My first thought, “Great…it’s already 70 degrees and I finally notice that my feet and ankles were still hurting from last night!  This is not starting out well.”  I make my way down Michigan Avenue headed to Charity Village so I can check my stuff in at the Fred’s Team tent and grab some breakfast (the perks of being with a charity, we have a private tent with food, water, ice, and can leave all our stuff there so we don’t have to gear check with the thousands of other runners) with enough time to head toward the start and get a quick stretch in.  The gun went off and we stood there, a few minutes later we took a step forward and waited to take another step forward.  Just like I thought; with over 40,000 people registered to run, it took me 30 mins just to cross the start line.  Finally, I was off.
                                                 Nice and slow.  Due to my ankle and foot pain and by the time I crossed the start, hip pain, I was hypersensitive to my pacing.  As I’ve mentioned before, Chicago is one of my all-time favorite cities and I was getting to run through its streets.  So I took in everything possible.  I can’t begin to describe how awesome it was to be seeing the city in this way (I’m looking forward to running NYC’s marathon for the same reason).  And it was jam packed with runners and spectators for most of the race.  Very, very cool experience, that’s one of the awesome things about marathons…each one is so different from the next yet very much the same.  We started at Millennium Park and headed north toward Wriggly, past the Lincoln Park Zoo.  Then we headed south, through either Lakeview or Boystown not sure which part of the district we were in, but super fun and full of great spectators.  Making our way through Old Town down to Greek Town, Little Italy, University Village, Pilsen (btw Mexican’s now how to motivate!) and China Town.  Finally, we headed toward Soldier Field and then back north to finish at Grant Park. 
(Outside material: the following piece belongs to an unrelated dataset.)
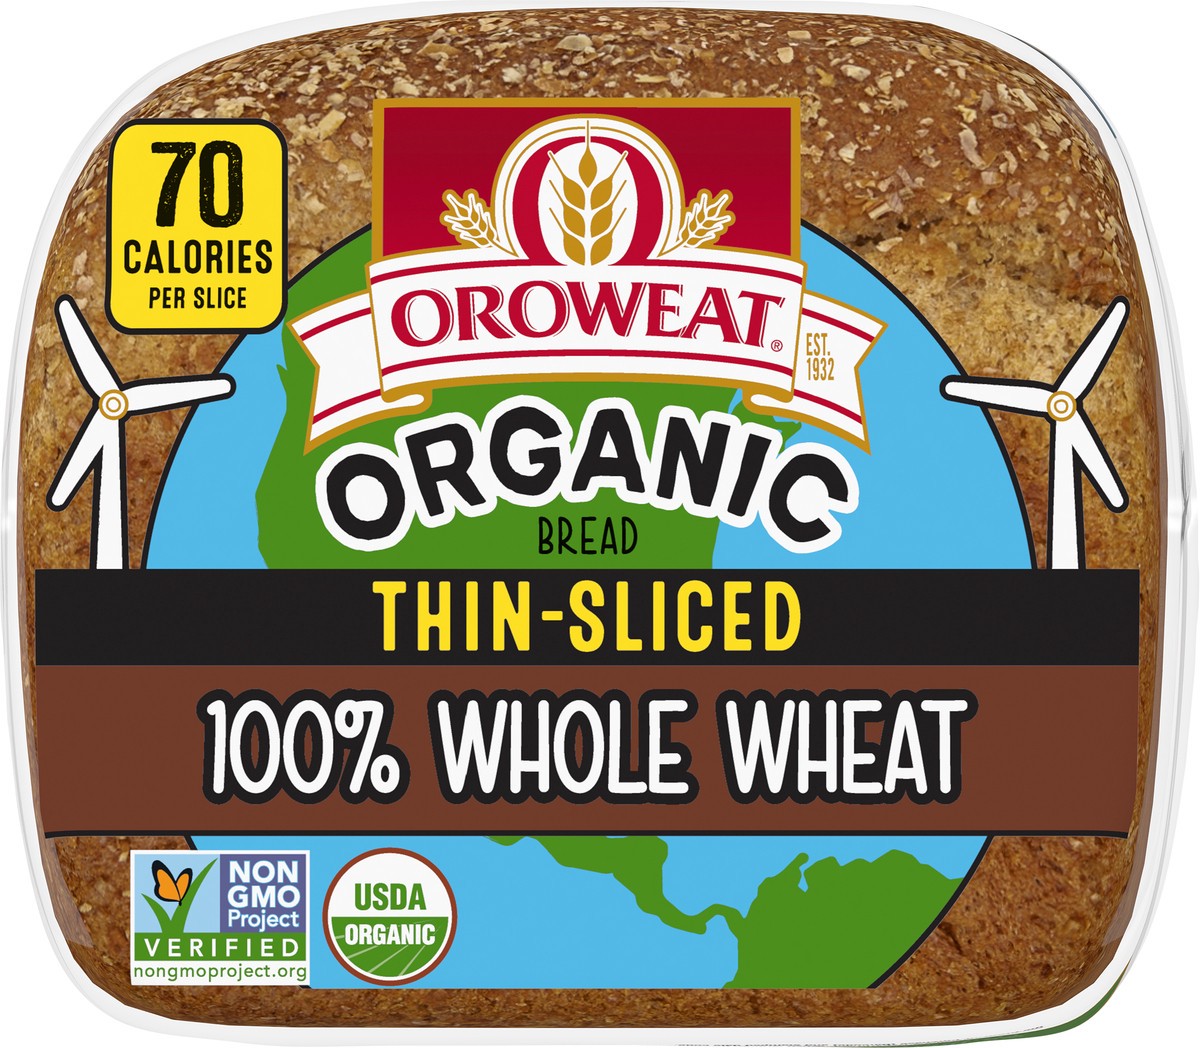 slide 4 of 7, Oroweat Organic 100% Whole Wheat Thin-Sliced Bread, 20 oz, 1 cnt

                                                  
I’m frequently asked “what do you think about while you’re running that long?!”  Actually, I’m very ADD when I run.  I can’t stay on one train of thought very long.  That’s how it is for me, doesn’t matter if I’m on a short run or a long run.  Even with the best intentions I can’t stay on track, unless I’m silently chanting a mantra…and then I find I become a broken record, I’ll run several miles before I realize I’ve been repeating the same phrase over and over the entire time.  Several times during the first half of the race I considered quitting.  Though I wouldn’t have actually quit (for a million and one different reasons) I still thought about it.  When this occurred, I did one of two things; I either looked at the spectators and desperately wished I was one of them or thought about how temporary the agony I was experiencing actually was.  Thinking about it, 4-5 hours of your morning really isn’t much time at all; eventually the run will end.  Many marathoners are familiar with the phrase, “the pain is temporary, but the pride is forever.”  Yeah...definitely a mantra today.  Last night I’d written down each mile and who purchased what streets for my marathon monopoly.  I had it in a Ziploc and carried the list the entire race, referencing it frequently using each person as motivation through every street.
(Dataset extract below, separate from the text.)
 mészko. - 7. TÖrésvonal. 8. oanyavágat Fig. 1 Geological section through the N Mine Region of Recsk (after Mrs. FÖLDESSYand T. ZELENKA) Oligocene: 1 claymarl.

I’m also an emotional runner.  I usually tear up at the beginning of a race, taking in all the people that are there for so many different reasons but underlying it all, we’re there for the same thing…we’re running 26.2 miles together.  Then throughout the race I catch myself getting emotional because I realize how many people can’t even run a mile and I’m out here running 26.2, how many people don’t think they can endure the distance but don’t realize the strength they have within themselves and I’ve been blessed enough to discover this about myself, and how many others don’t even have the use of their legs and I’m silently complaining about the pain I’m experiencing because I get to use mine (I frequently consider this blessing, but when running a marathon it hits me even harder).   Those moments catch me by surprise.  Or the other runners…sometimes it’s their shirts, their conversations I over hear, or just their physical appearance.  Every race, I’m still amazed at how different each marathoner is.  It’s so cool to see such an eclectic group of people come together.  I wonder what they’re going through in the moment I see them, who or what is their motivation to be running this marathon, is this their first marathon, what have they discovered about themselves in all their weeks of training leading to this moment?   Sometimes these questions are answered by the shirt the runner is wearing.  Some of the shirts I’ve seen are awesome!  The funny ones I don’t typically remember after the marathon, but they put a smile on my face for the moment and distract me/motivate me through another several steps.  The inspirational shirts usually stick, “running because my Dad/Mom believed in me”, “cancer survivor”, “running in honor of my daughter/son/mom/dad…etc”, “Pain: I’m ignoring you, Body: I’m not listening, Mind: Let’s get to work, we can do this!”  There are so many more like these that choke me up and give me the motivation I need to keep pushing ahead.  Especially the cancer survivor shirts or posters that cheer on a loved one running who’s a survivor; if they fought through cancer, I can stinkin’ fight through 26.2 miles.                                                                           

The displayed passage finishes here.